## EXERCISE
Output exactly the lines of the listing below that run from the line with "Giày Bóng Đá" through the line with "Kantor Kesatuan Bangsa, Politik". No pictures.

## RECORD EXTRACTS
* * *

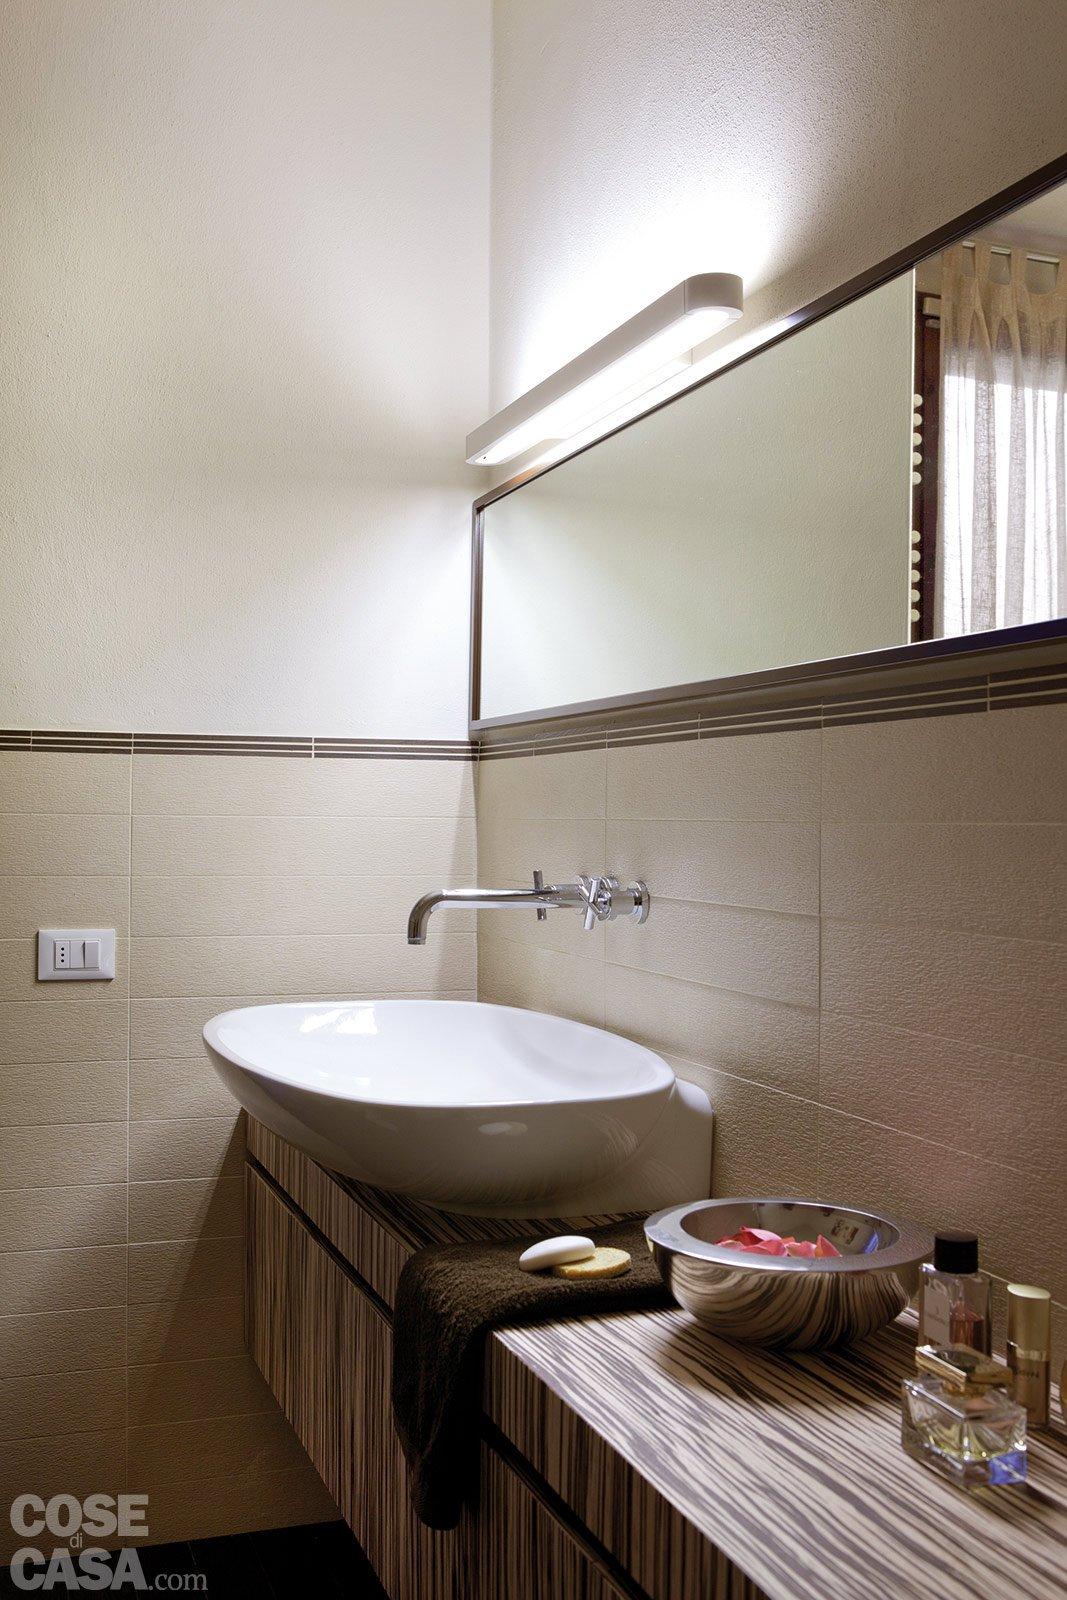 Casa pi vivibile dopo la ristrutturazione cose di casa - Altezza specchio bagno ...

* * *

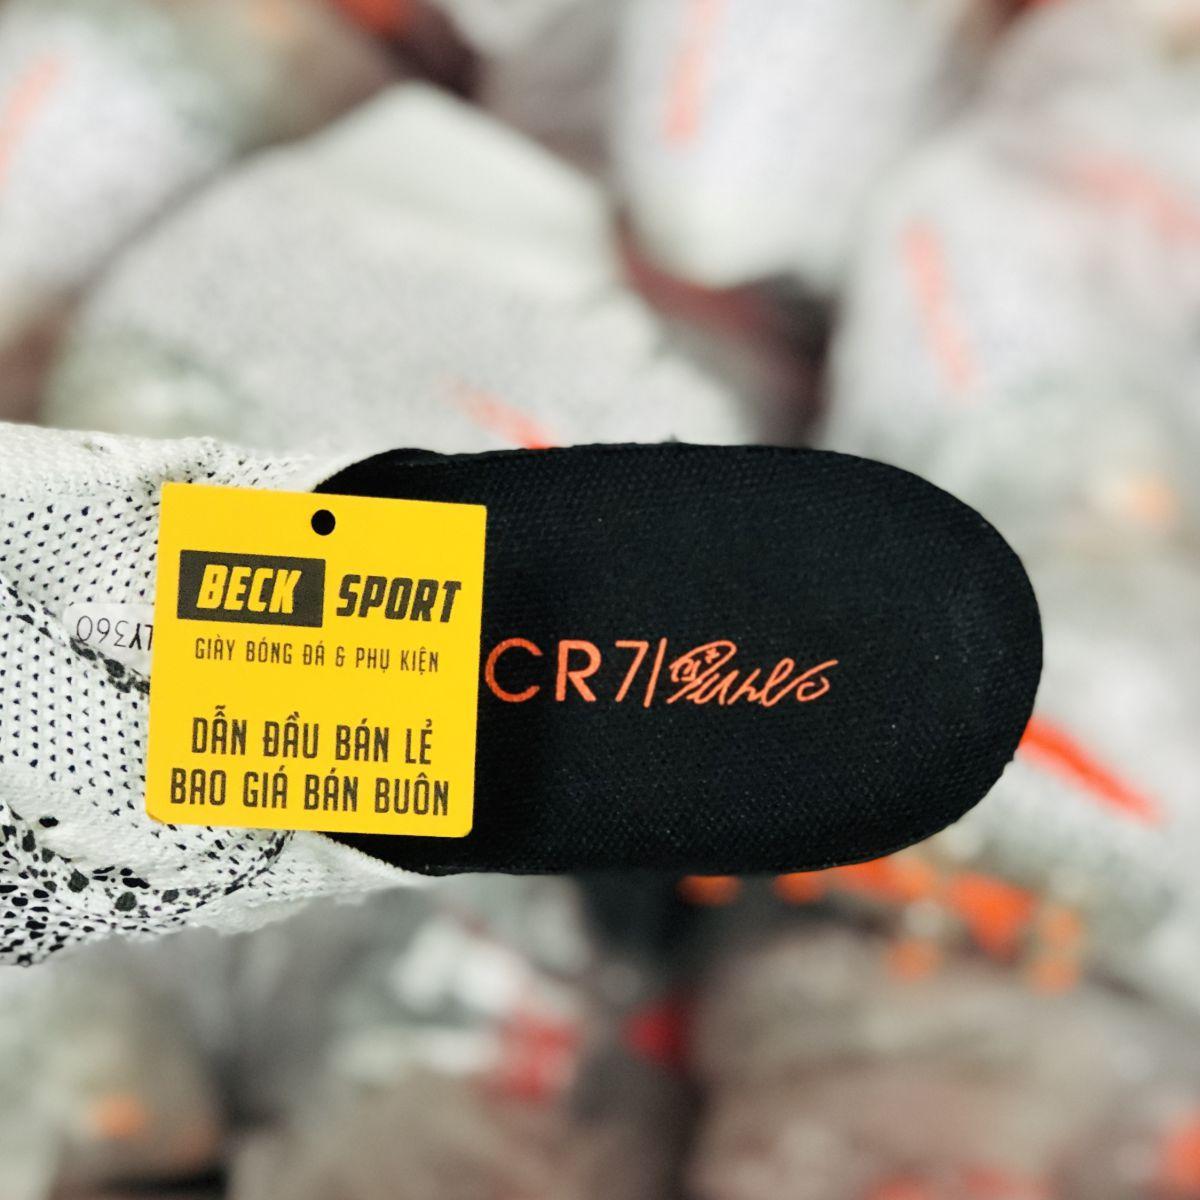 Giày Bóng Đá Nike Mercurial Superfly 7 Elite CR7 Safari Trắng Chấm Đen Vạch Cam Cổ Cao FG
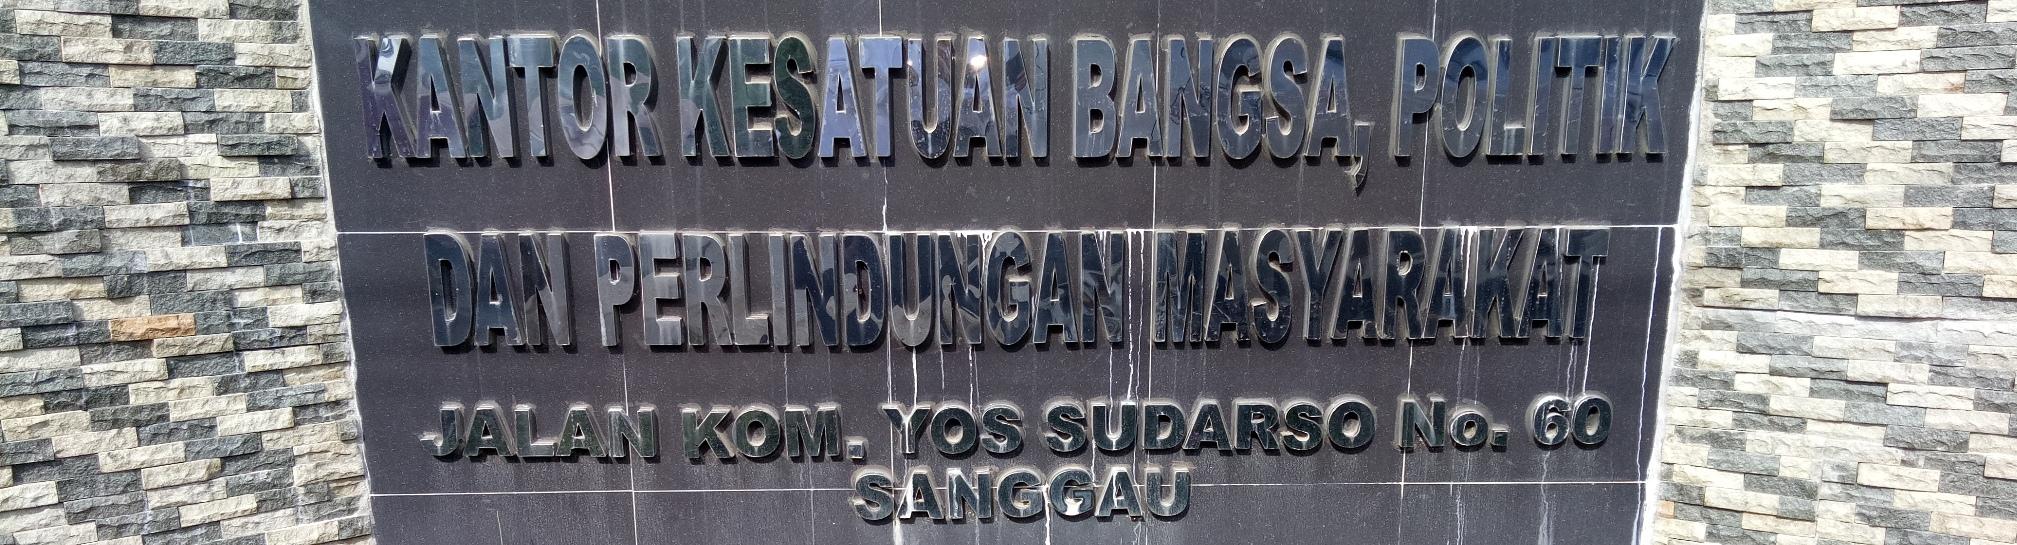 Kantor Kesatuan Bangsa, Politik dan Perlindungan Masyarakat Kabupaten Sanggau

* * *

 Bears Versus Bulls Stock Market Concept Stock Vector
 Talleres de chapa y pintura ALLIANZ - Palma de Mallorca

* * *

## RESULT FOR THIS TASK
 Giày Bóng Đá Nike Mercurial Superfly 7 Elite CR7 Safari Trắng Chấm Đen Vạch Cam Cổ Cao FG
 Kantor Kesatuan Bangsa, Politik dan Perlindungan Masyarakat Kabupaten Sanggau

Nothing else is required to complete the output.